African Sun, Zimbabwe’s largest hotels group with operations in nine African countries says it will no longer pursue its private placement as the prevailing business conditions were not favourable.
However, they have secured a deal for the debt instrument that will be concluded early next year.
African Sun wanted to raise $60 million in the next two to three years for recapitalisation.
The group got shareholders’ permission to raise $35 million but so far only $10 million has been raised through a rights offer.
Private placement is when shares are offered to few institutional investors.
Shingi Munyeza, African Sun group chief executive officer said the loans and rights issue have sailed through and the debt instrument has been secured while the group was currently dealing with the conditions precedent that should be concluded by early 2011.

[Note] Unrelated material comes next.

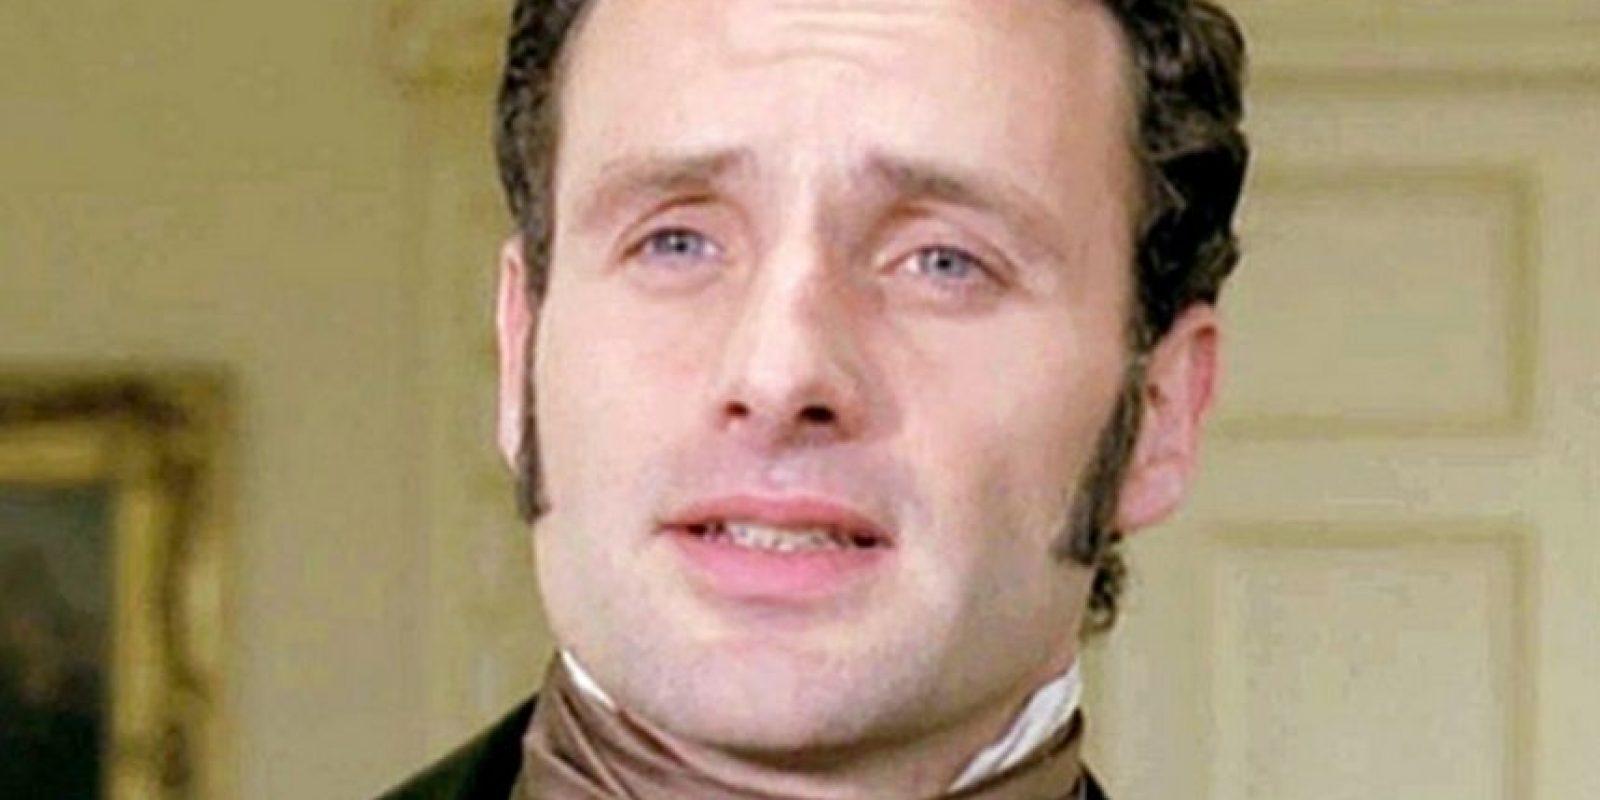 """En 2003 Andrew Lincoln actuó en """"Love Actually"""" y en 2009 lo vimos en """"Cumbres borrascosas"""" Foto:Vía imdb.com"""

“We will not be doing the private placement because the market is down, and market conditions are not right. We will do the private placement when our figures start showing up, and the pan-African conditions begin to improve although it’s still a long way to go,” Munyeza said.
The group recorded an increase in earnings before interest, tax, depreciation and amortisation (EBIDTA) of $335 677 to a 0,6% margin for the period ended September 30, 2010, from a loss of $4,1 million (-11,7% margin) same period last year.
“This improvement would have been higher but was negated by the combined EBIDTA loss of $1,485 million experienced by Elephant Hills Resort, Carribea Bay Resort, Hwange Safari Lodge and The Grace in Rosebank due to relatively higher fixed costs against a low occupancy performance.
“We have implemented initiatives which will further reduce fixed costs and enhance revenues. This is expected to bring about an improvement in business performance,” Munyeza said.
He said Zimbabwe’s operations recorded strong occupancies in city hotels which contributed 56% of the total revenue and 85% EBIDTA anchored by strong occupancies although room rates remained depressed.
“The contribution by resort hotels from both revenue and EBIDTA are expected to improve as business into these hotels strengthens,” Munyeza said.
He said Zimbabwe has been averaging occupancies of above 50% from the period June to September this year a; scenario last experienced in the 1990s.
South Africa’s operations posted an EBIDTA loss of $1,696 million. This was exacerbated by non-recurring costs amounting to $833 000 incurred in the period under review.
Revenue for the group grew by 54% to $54,2 million from $35,2 million due to strong RevPar growth recorded in Zimbabwe and South Africa.
“The RevPAR increase was driven primarily by an occupancy recovery in the Zimbabwe hotels and an exceptional performance from the South African hotels during the 2010 World Cup period.”
The group achieved a RevPAR of $36 from $24 indicating a 50% increase from last year’s figure. Finance costs increased during the period under review as the group had highly priced short- term loans.
African Sun is looking forward to achieve a turnover of $64 million and an EBIDTA margin of 7% in the next financial year.
African Sun revised its rooms growth target downwards to 5 500 rooms from 8 500 rooms by 2012 due to the impact of global economic slowdown.